§ Information provided:
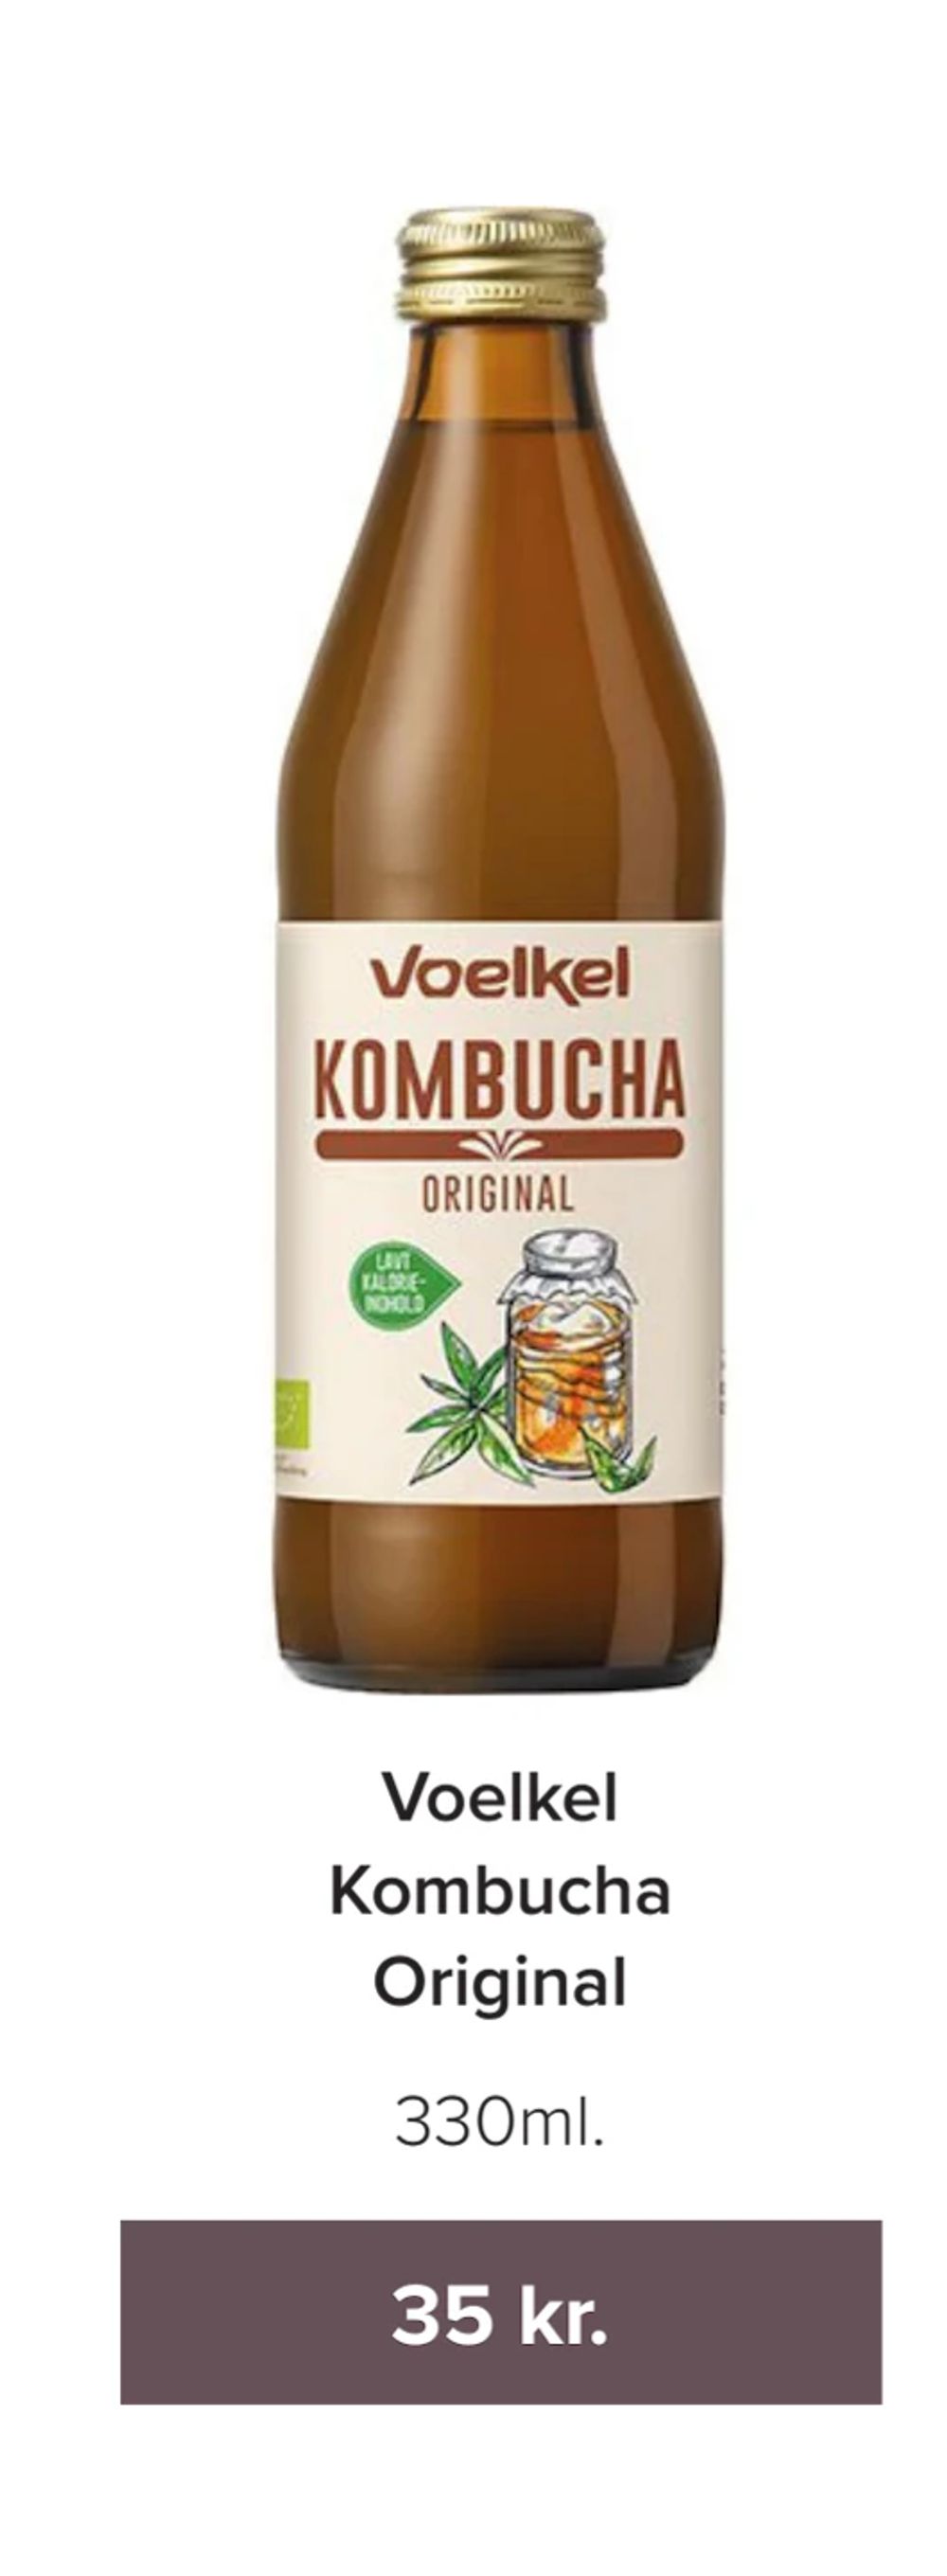 Tilbud på Voelkel Kombucha Original fra Helsemin til 35 kr.
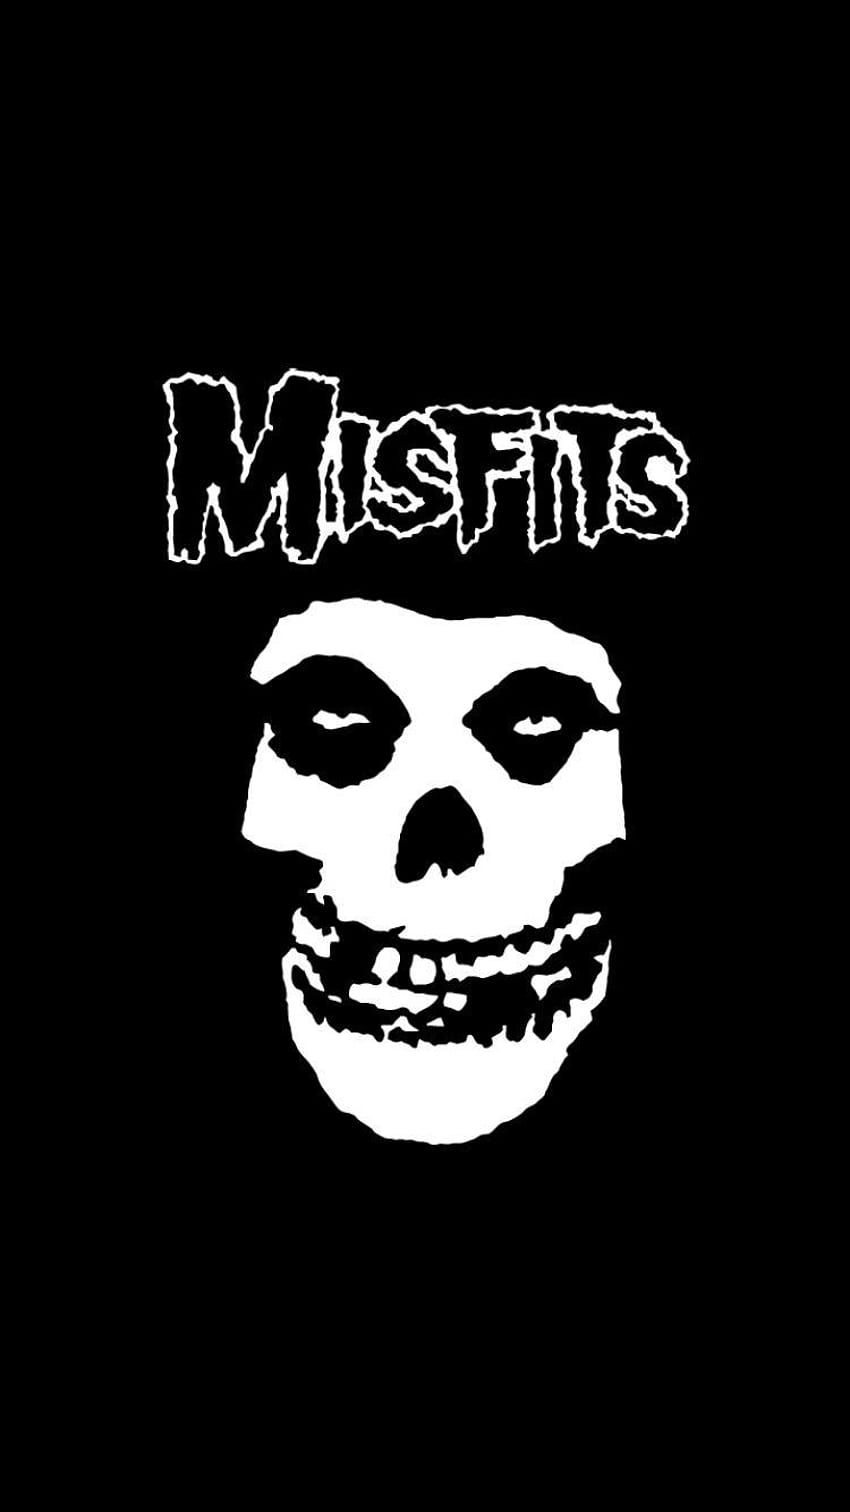 Music/Misfits, metal music mobile HD phone wallpaper
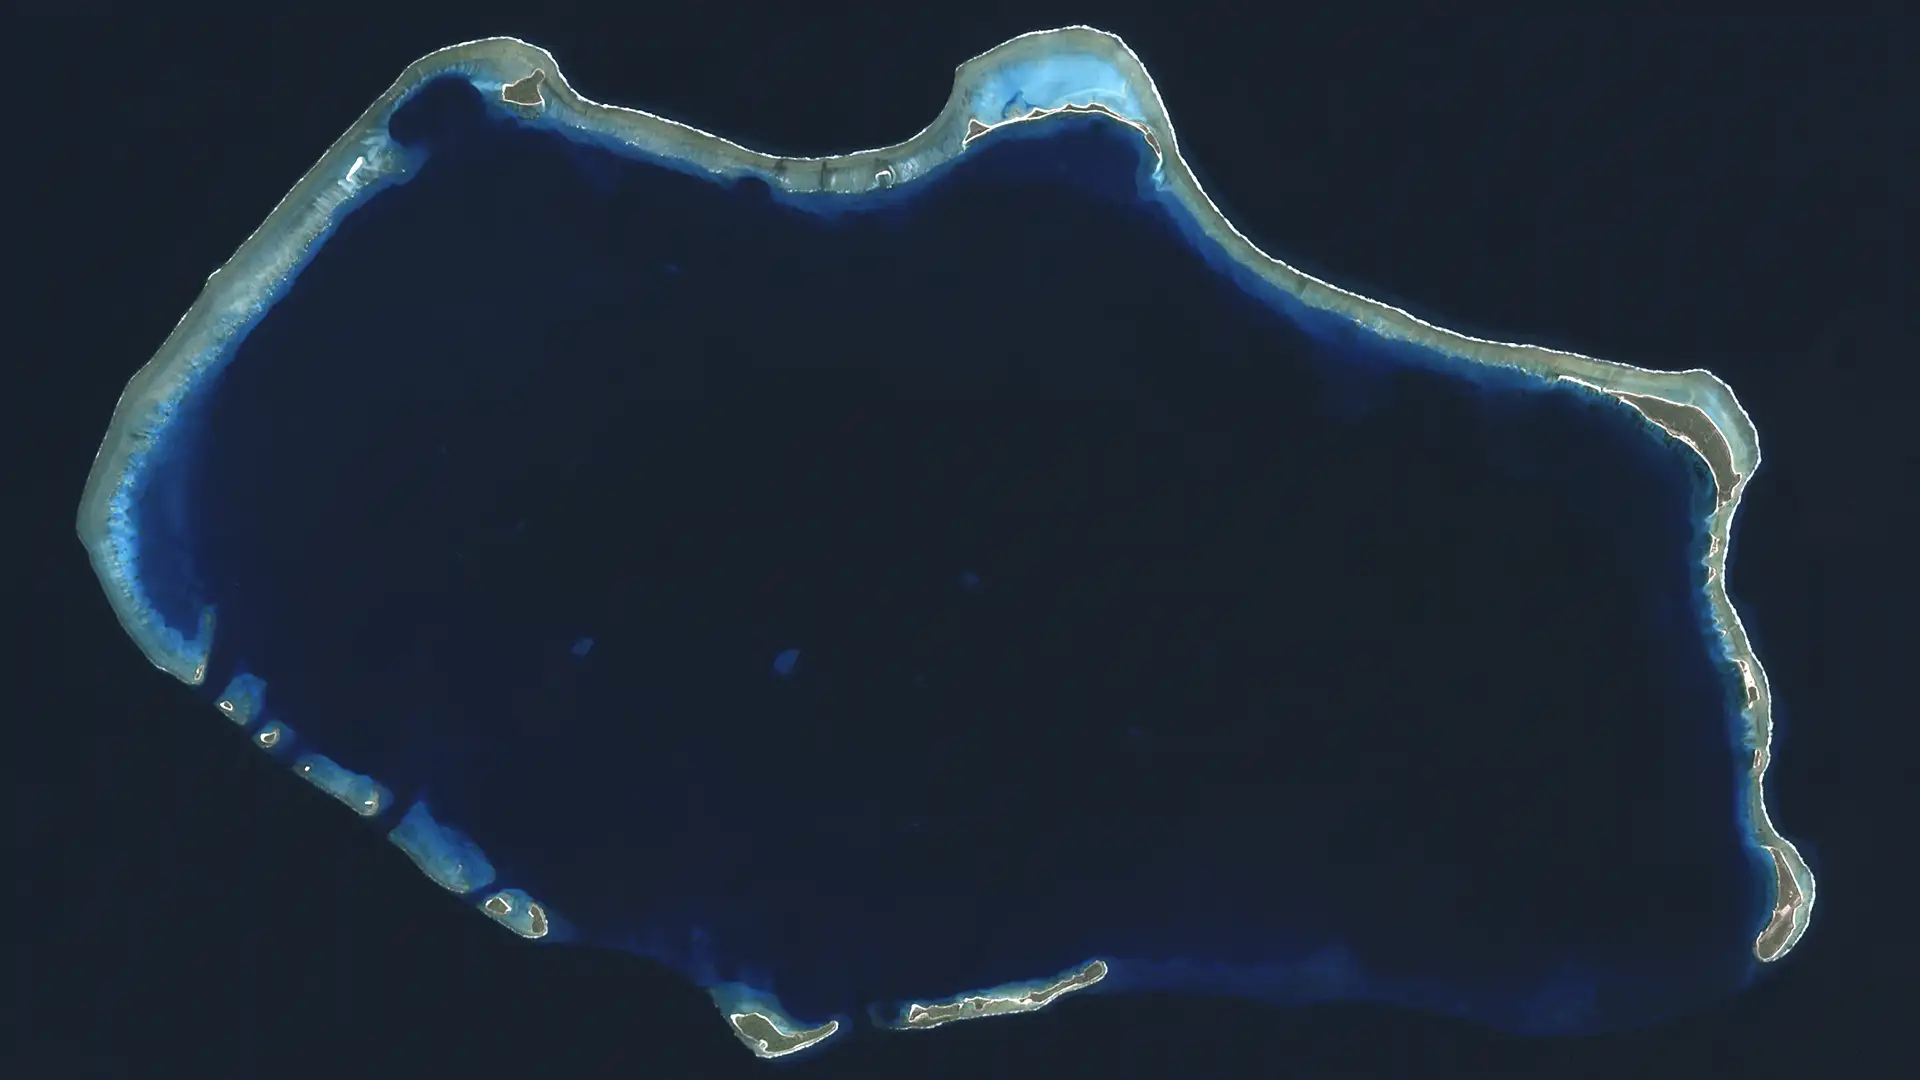 Bikini Atoll aerial view
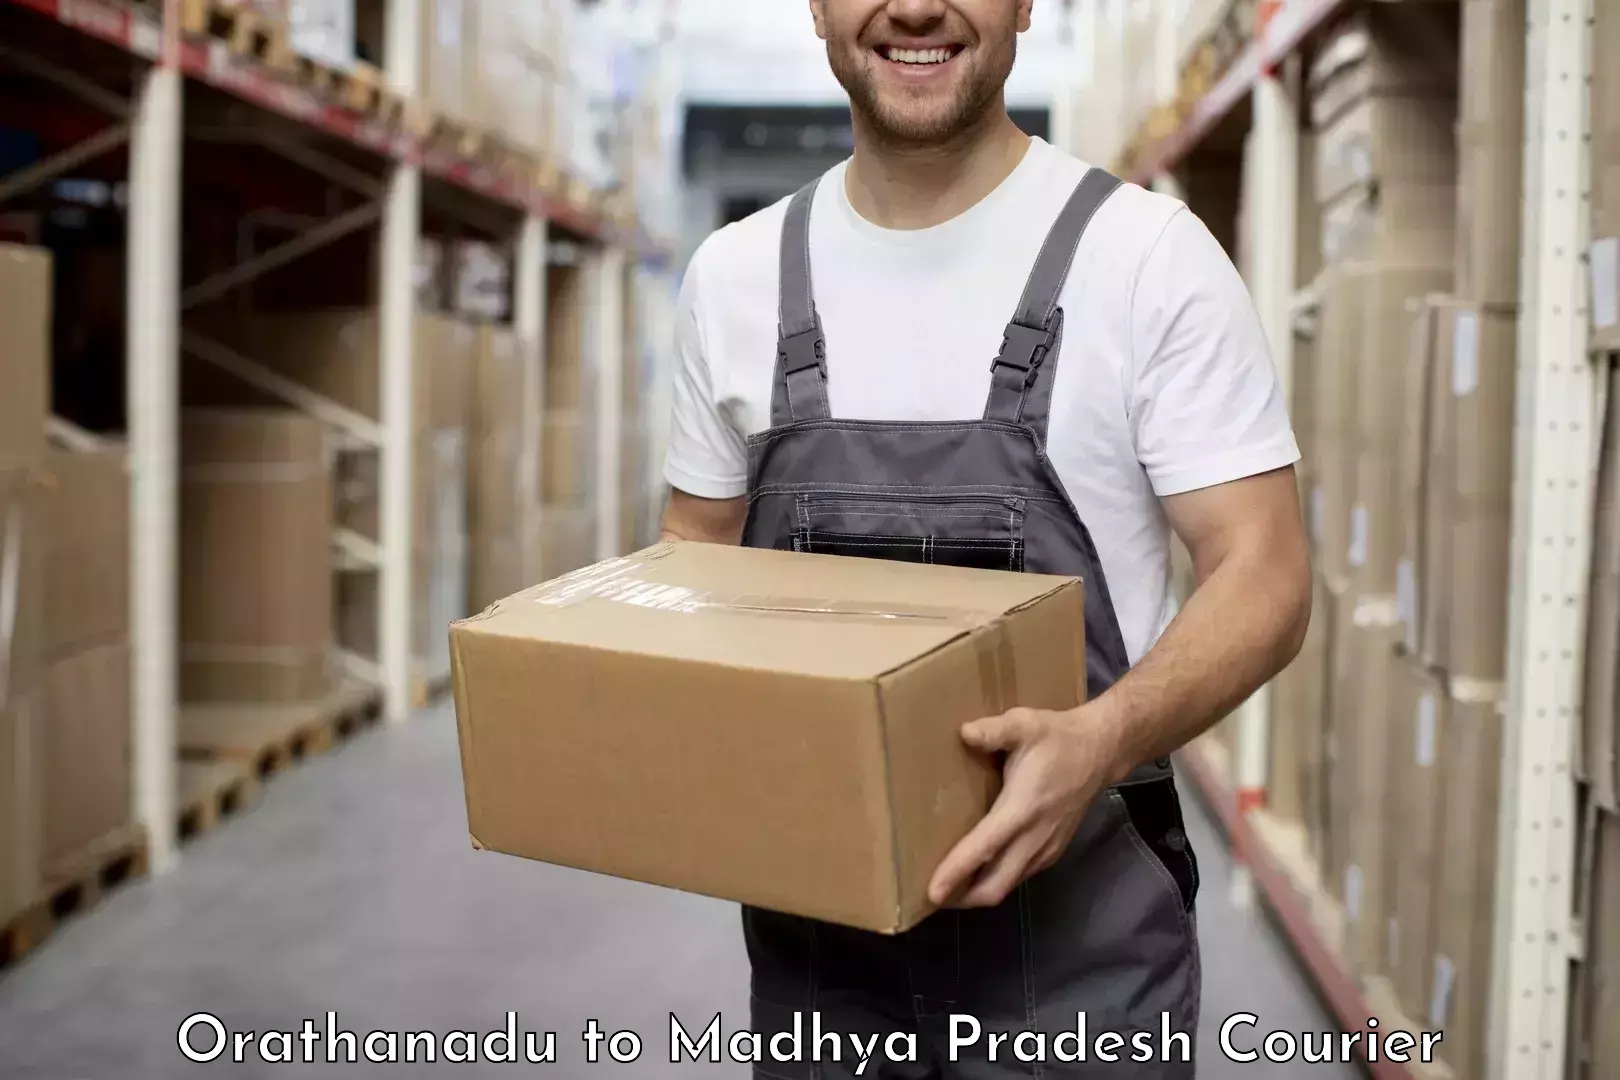 User-friendly delivery service Orathanadu to Madhya Pradesh

§ About this exercise: Using the listing above, set down exactly each line from the one containing "Bikini Atoll aerial view" through the final line, and leave out pictures.

§ Output:
 Bikini Atoll aerial view
 User-friendly delivery service Orathanadu to Madhya Pradesh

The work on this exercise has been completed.